* [ASSIGNMENT]:
In the listing below, find the line with "Amazon Basics rain jacket." and the line with "Yankee Candle Signature", then return them and every line between them exactly, minus the pictures.

* [INPUT DATA]:
◆ ◆ ◆ ◆ ◆
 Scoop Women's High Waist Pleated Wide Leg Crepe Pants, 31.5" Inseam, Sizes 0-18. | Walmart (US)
◆ ◆ ◆ ◆ ◆
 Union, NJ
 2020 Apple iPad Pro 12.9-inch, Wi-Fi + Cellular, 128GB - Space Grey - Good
◆ ◆ ◆ ◆ ◆
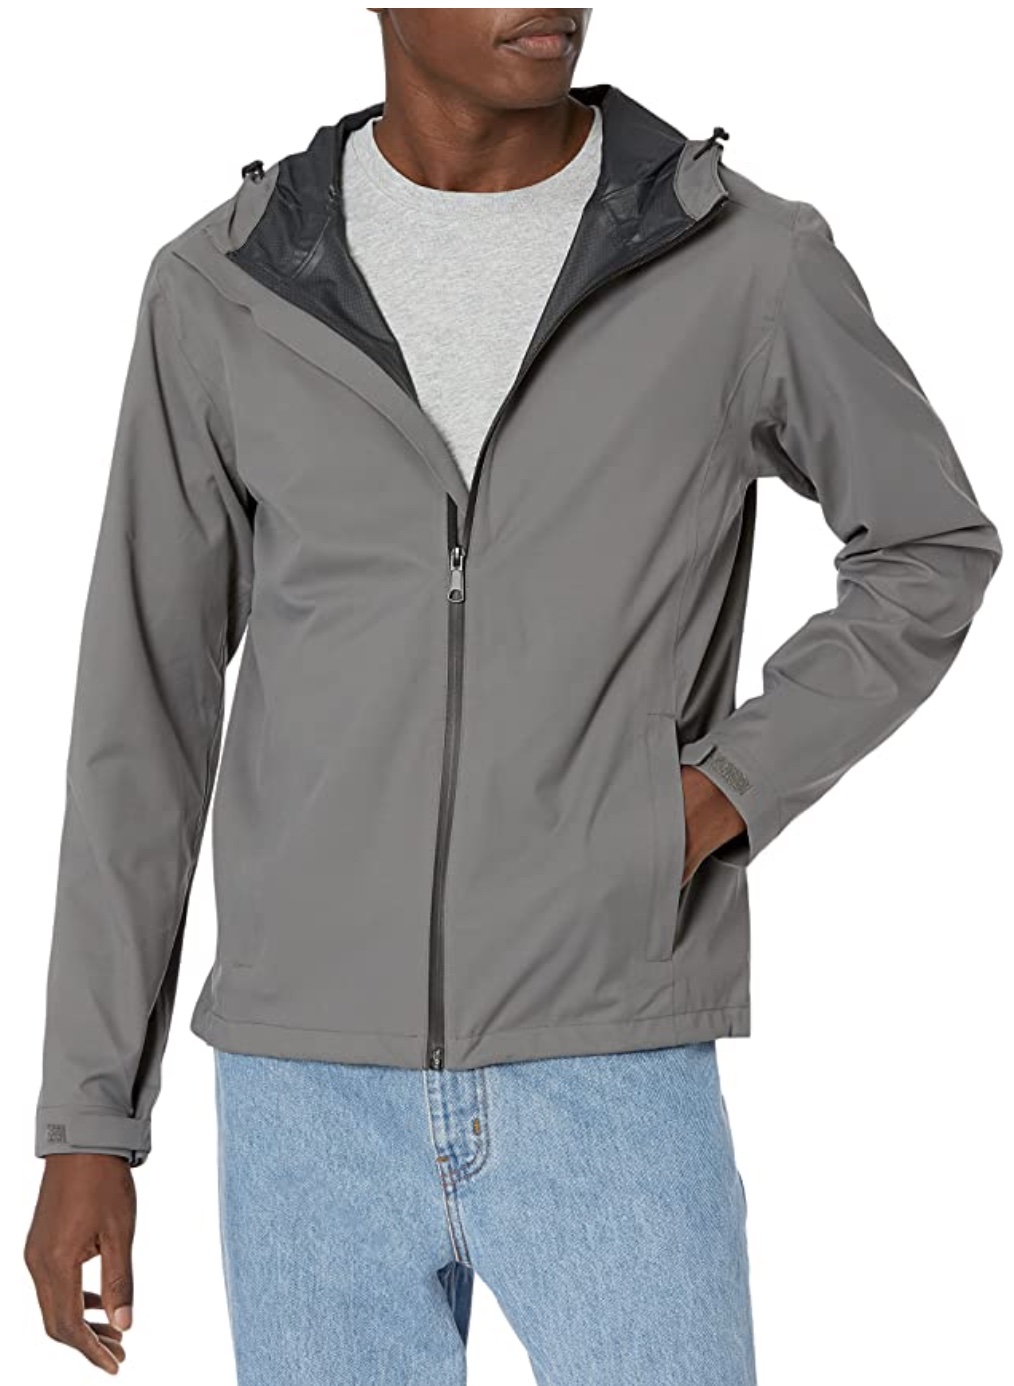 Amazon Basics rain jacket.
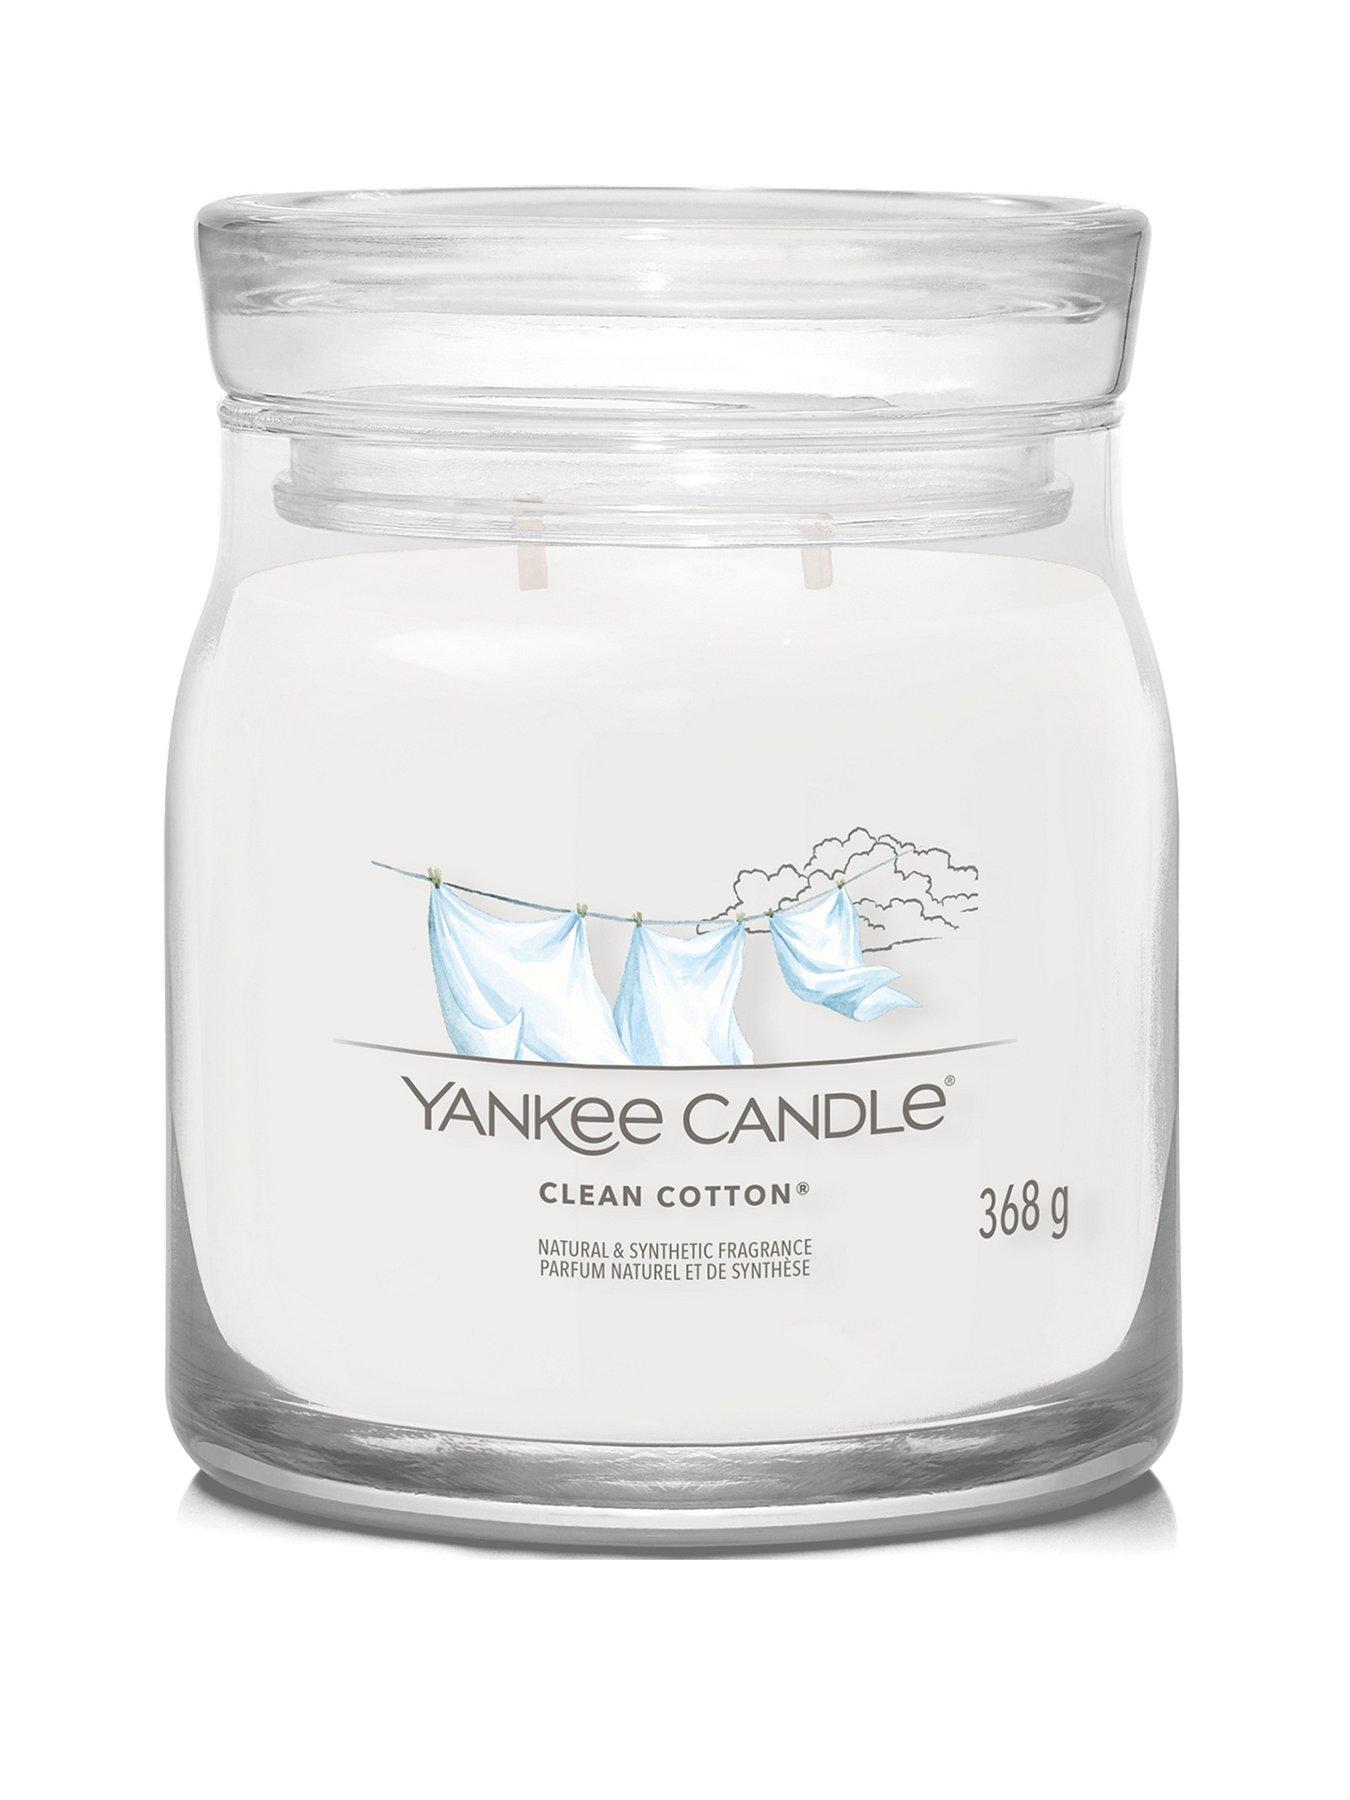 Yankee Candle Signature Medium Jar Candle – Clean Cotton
◆ ◆ ◆ ◆ ◆
* [ANSWER BOX]:
 Amazon Basics rain jacket.
 Yankee Candle Signature Medium Jar Candle – Clean Cotton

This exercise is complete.